Review – ‘Intern’ directed by Elena Viklova

Written and directed by Elena Viklova, the 2023 short ‘Intern’ stars Isaac Jay, Richard Riehle, Arianna Papalexopoulos, Greg Smith and others. The film chronicles an intern’s last day at a corporate firm as he comes across unexpected challenges.

Written and directed by Elena Viklova, the 2023 short ‘Intern’ stars Isaac Jay, Richard Riehle, Arianna Papalexopoulos, Greg Smith and others. The film chronicles an intern’s last day at a corporate firm as he comes across unexpected challenges.

Isaac Jay stars as an intern at a big unnamed firm, hoping to make it to an interview on his final day with upper management in order to secure a job. However, the intern is in for the fight of his life as the process will be anything but simple. As increasingly bizarre obstacles come his way, the intern begins to question everyone and everything.

Part of the reason the ‘Intern’ works really well is that it taps into the current social movement of the working class turning against the capitalists. The mask is off; corporations are evil and workers are increasingly apprised of this fact that companies only exist to make money at the expense of everything else. Morality, kindness and respect have been thrown out the window and the worker only exists to contribute to the buckets of profit that the capitalist is expected to make. It is within this malevolent world that our innocent little protagonist gets his first taste of life beyond the curtain and like most, he too will succumb to the allure of corporate life, signing everything he holds dear away with the stroke of a pen.

The acting is fantastic across the board. The star of the show is Isaac Jay as the confused, erratic intern Seth. Seth wants nothing more than to be given an opportunity to serve but is faced with challenge after challenge as a seemingly indifferent company culture takes its toll on his mental health. On the other end of the spectrum is the CEO, played to perfection by Richard Riehle. Between the CEO and Seth lay a minefield of employees, all of whom are casted to perfection. Every single cast member plays his or her part masterfully here as Viklova’s part satire-part dramedy comes to life in thunderous applause.

The perfect acting is only made better by a razor sharp script that punches up the subtext about corporate culture in the US. Employing a mix of subtle comedy, drama and everything in between, it is the screenplay that really drives home the point the director is trying to make. With just the perfect amount of exposition, Viklova is able to convey a range of points to the audience without coming across as heavy handed. It is in the script’s ability to perfectly balance things that do not normally work in tandem is where true brilliance is found. 

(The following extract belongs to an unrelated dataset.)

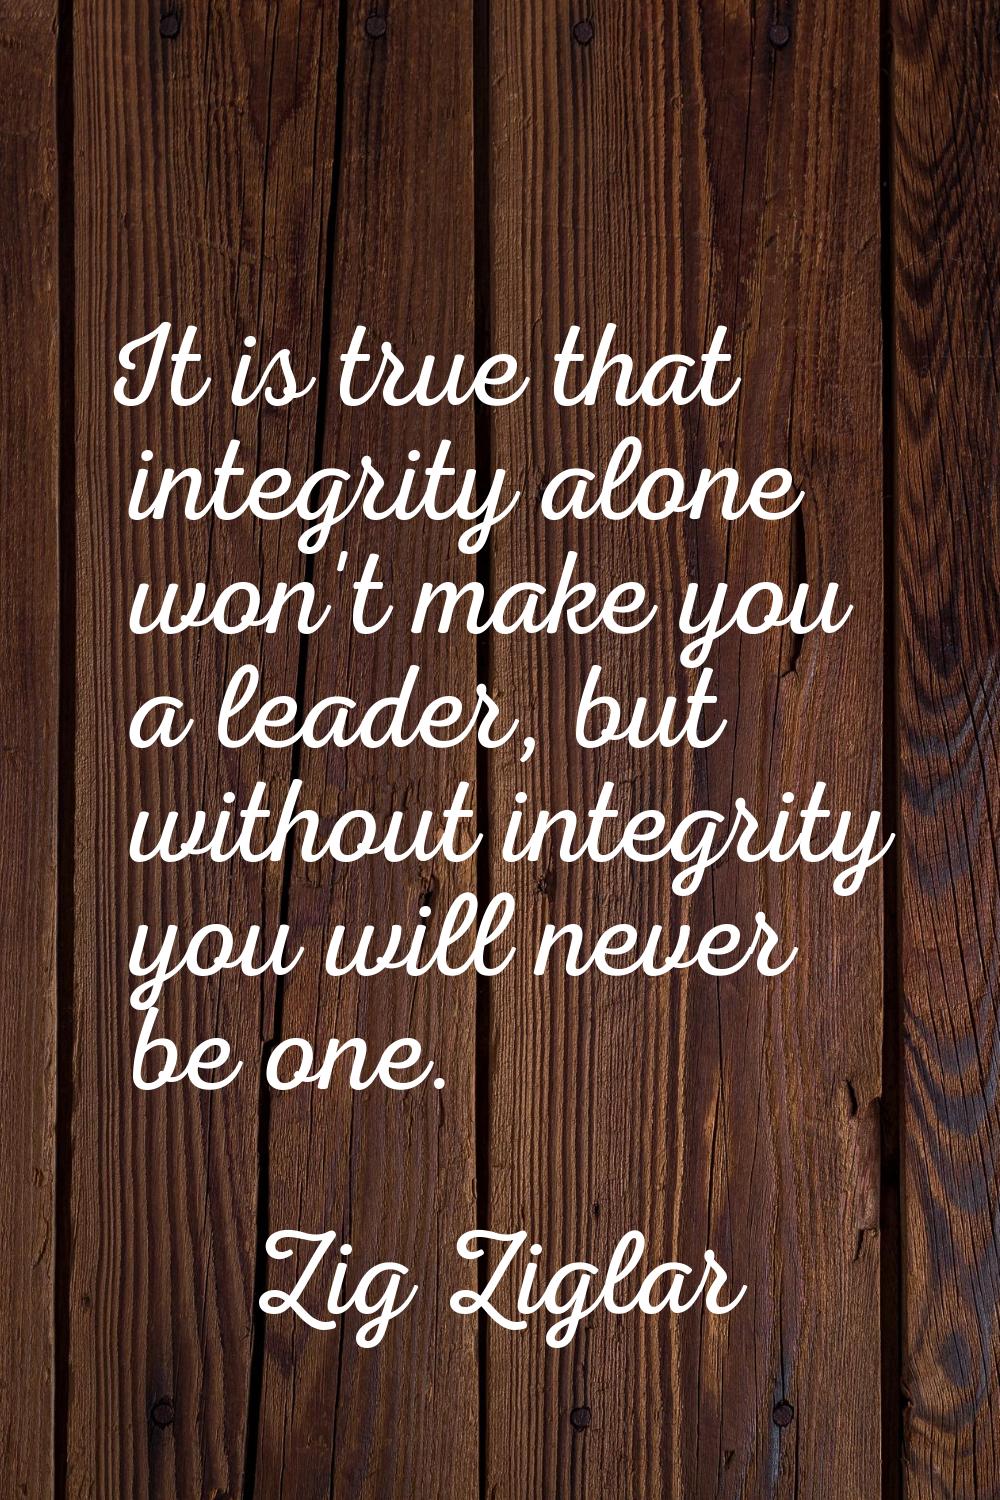 It is true that integrity alone won't make you a leader, but without integrity you will never be on

There is something interesting about the cinematography as well. The office is dark, probably alluding to the depressing nature of corporate jobs that employees find themselves in. In contrast, the upper floor where the CEO resides, alludes to heaven in its all white and perfectly minimal setting. Every employee strives to make the journey from darkness to light and in the process, realises the truth about the company as a whole. There is no merit, no logic to this transition, the only thing that truly matters is how loyal you are to the company and how far you are willing to go for it. Like all others, Seth too succumbs to the choice offered and the story resets when he finds another intern, like him, waiting to make the journey above.

Since Viklova wrote the script, she is the perfect person to direct this story. She knows the nuances of the story inside out and thus, the film turns out much better as compared to if someone else had directed it. The pacing is perfect, ensuring that the audience never gets bored in the slightest. Equally impressive is Viklova’s ability to find a twisted sense of humour in even the most adverse conditions, one that plays well to the film’s subversive themes.

Intern is therefore an interesting beast. Both a satire of corporate culture and a deep dive into the insanity of modern work, the film makes you think about a lot of things. Are we merely modern slaves with ties and offices? Have we bargained our morality for a better lifestyle? Will capitalists ever stop exploiting the working class? Whatever the answers to these questions might be, there is one thing we can all agree on. Intern is a fantastic short film which fires on all cylinders. The film is a testament to the creative prowess of Elena Viklova and we hope to see Viklova tackle many more films in the near future.